Se Confindustria e le grandi aziende come Seta hanno ribadito, in ogni possibile occasione, che non se ne parla nemmeno, un niet ancor più netto è arrivato dalle piccole imprese. «Cna esprime una profonda contrarietà all’ipotesi che l’esborso spetti ai titolari – ha dichiarato Sezzi –. Abbiamo ribadito più volte come la nostra associazione sia d’accordo sul green pass a patto che le norme siano chiare, applicabili e senza costi inappropriati per le imprese. Già quest’ultimo punto non è stato rispettato; i costi indiretti sono indubbi, poiché eseguire i controlli significa sottrarre risorse umane ed economiche alle mansioni ordinarie. Ora non si vede perché dovrebbe essere scaricato sulle piccole realtà quest’altro onere».

Per una volta Cna va a braccetto con Unindustria. «Con una precisazione: una serie di grandi imprese hanno rotto il fronte degli industriali, annunciando che si faranno carico dei tamponi per i loro dipendenti. Tra le altre, nel bolognese Ima, Ducati, Bonfiglioli. È una scelta, una facoltà dell’azienda. Così come il singolo può decidere se vaccinarsi o meno anche il datore può decidere se coprire o non coprire i costi – ha proseguito Sezzi –. È chiaro che per gli artigiani è ancora più impensabile svolgere questo compito. Se si continua di questo passo gli imprenditori dovranno rispondere di qualsiasi cosa».

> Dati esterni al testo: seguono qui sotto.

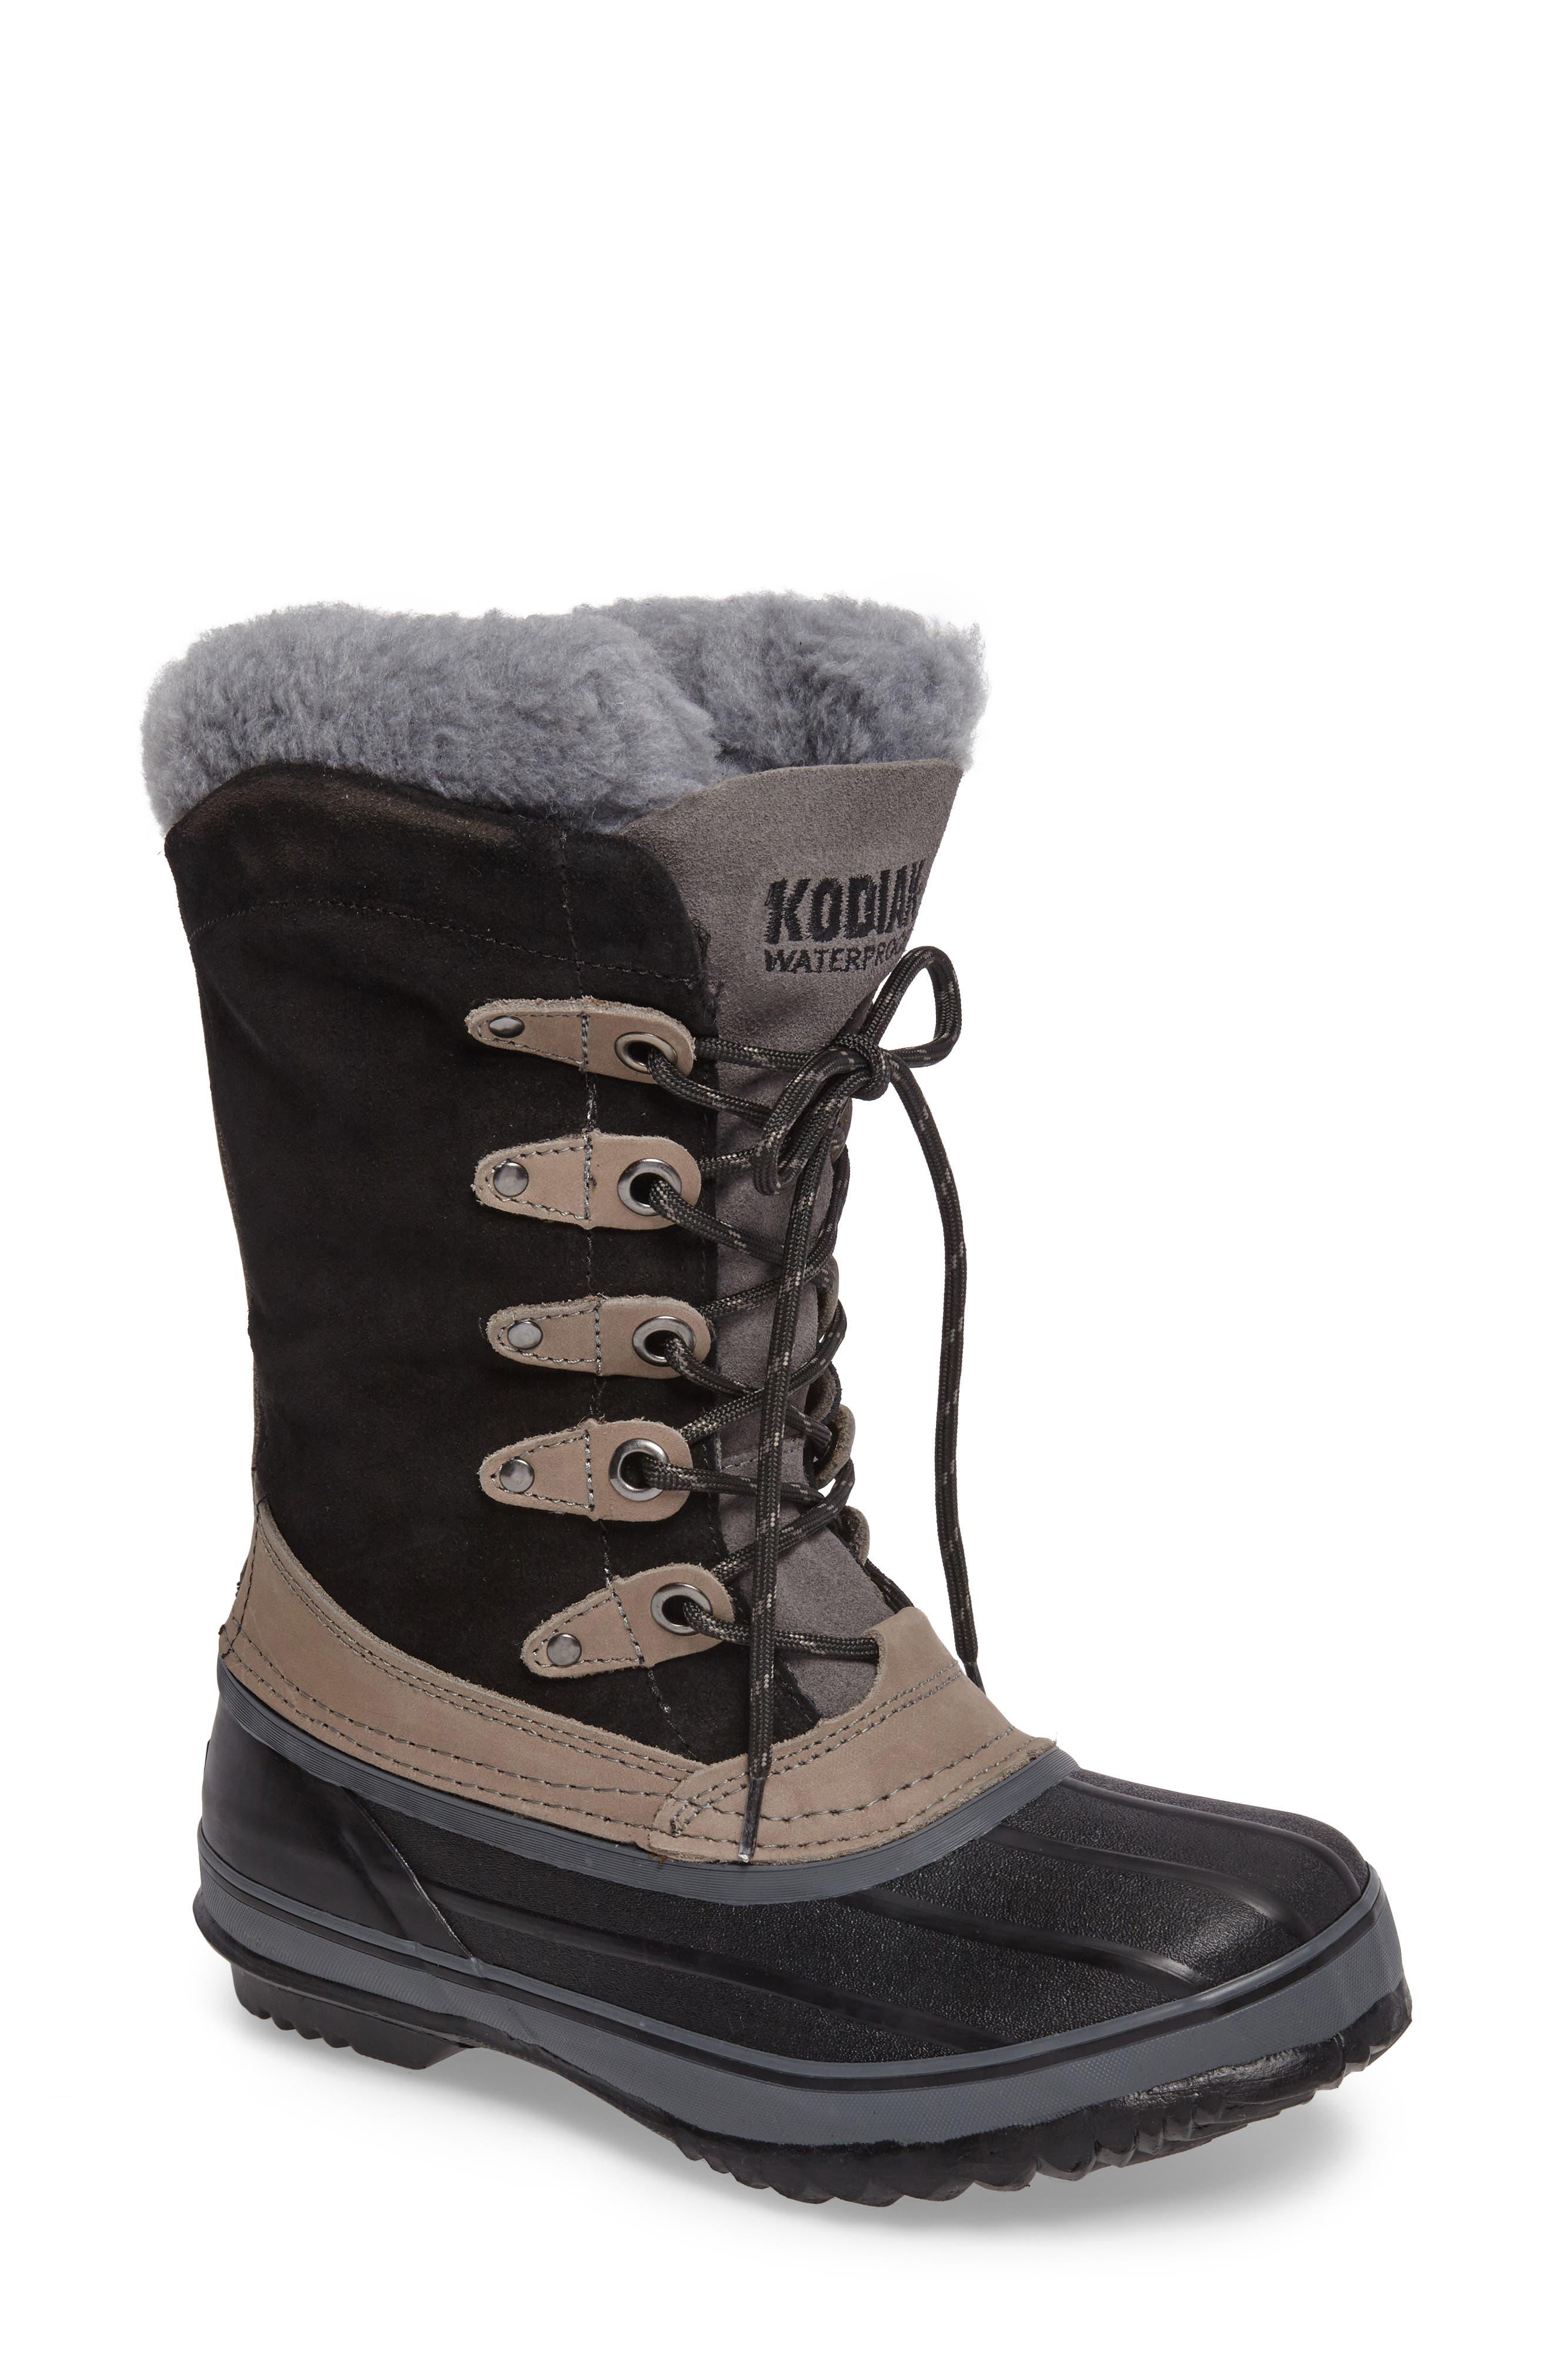 Kyra Waterproof Boot,                             Main thumbnail 1, color,                             001
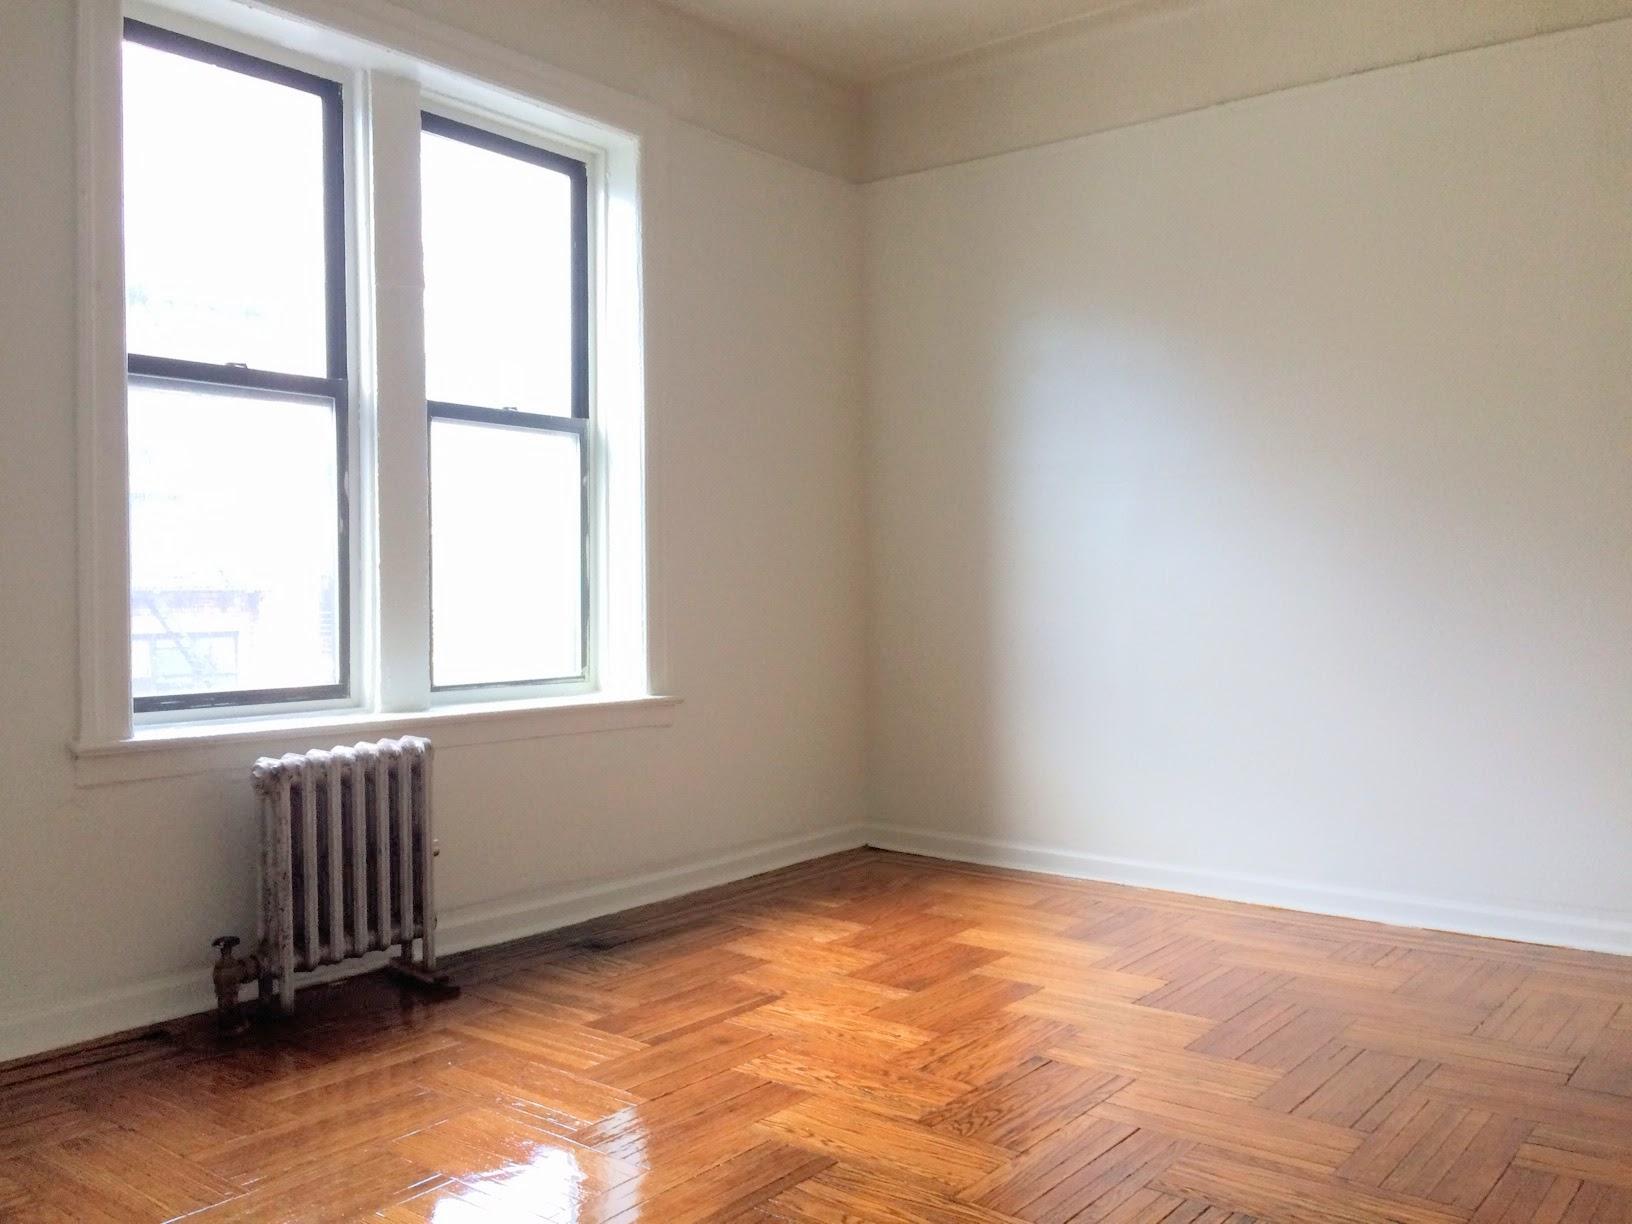 Crown Heights 2 Bedroom Rental At 277 Eastern Pkwy Brooklyn NY 11238 2K

Sezzi ha fornito una sua lettura dell’andata a Canossa (cioè in Prefettura) dei sindacati confederali. «La realtà è che la Cgil ha spinto sull’obbligo vaccinale, che non è passato. A questo punto, per impedire discriminazioni tra i lavoratori, poiché lo Stato non aprirà mai i cordoni della borsa, sta spingendo sulle imprese affinché suppliscano loro. Diventa stucchevole questo continuo e questo tentativo di lasciare il cerino acceso in mano alle ditte. Non può funzionare così. Se la strada dell’obbligo vaccinale, che avrebbe potuto anche essere una soluzione, è stata esclusa bisogna farsene una ragione; il resto a mio avviso è poco utile. In questa delicata fase di ripresa bisognerebbe tutti remare dalla stessa parte».

Secondo l’associazione di categoria «i controlli sui luoghi di lavoro, le mille incertezze e le difficoltà di mercato stanno pesando sulle imprese da oltre un anno. Non vedo perché – la conclusione – le si dovrebbe appesantire ulteriormente».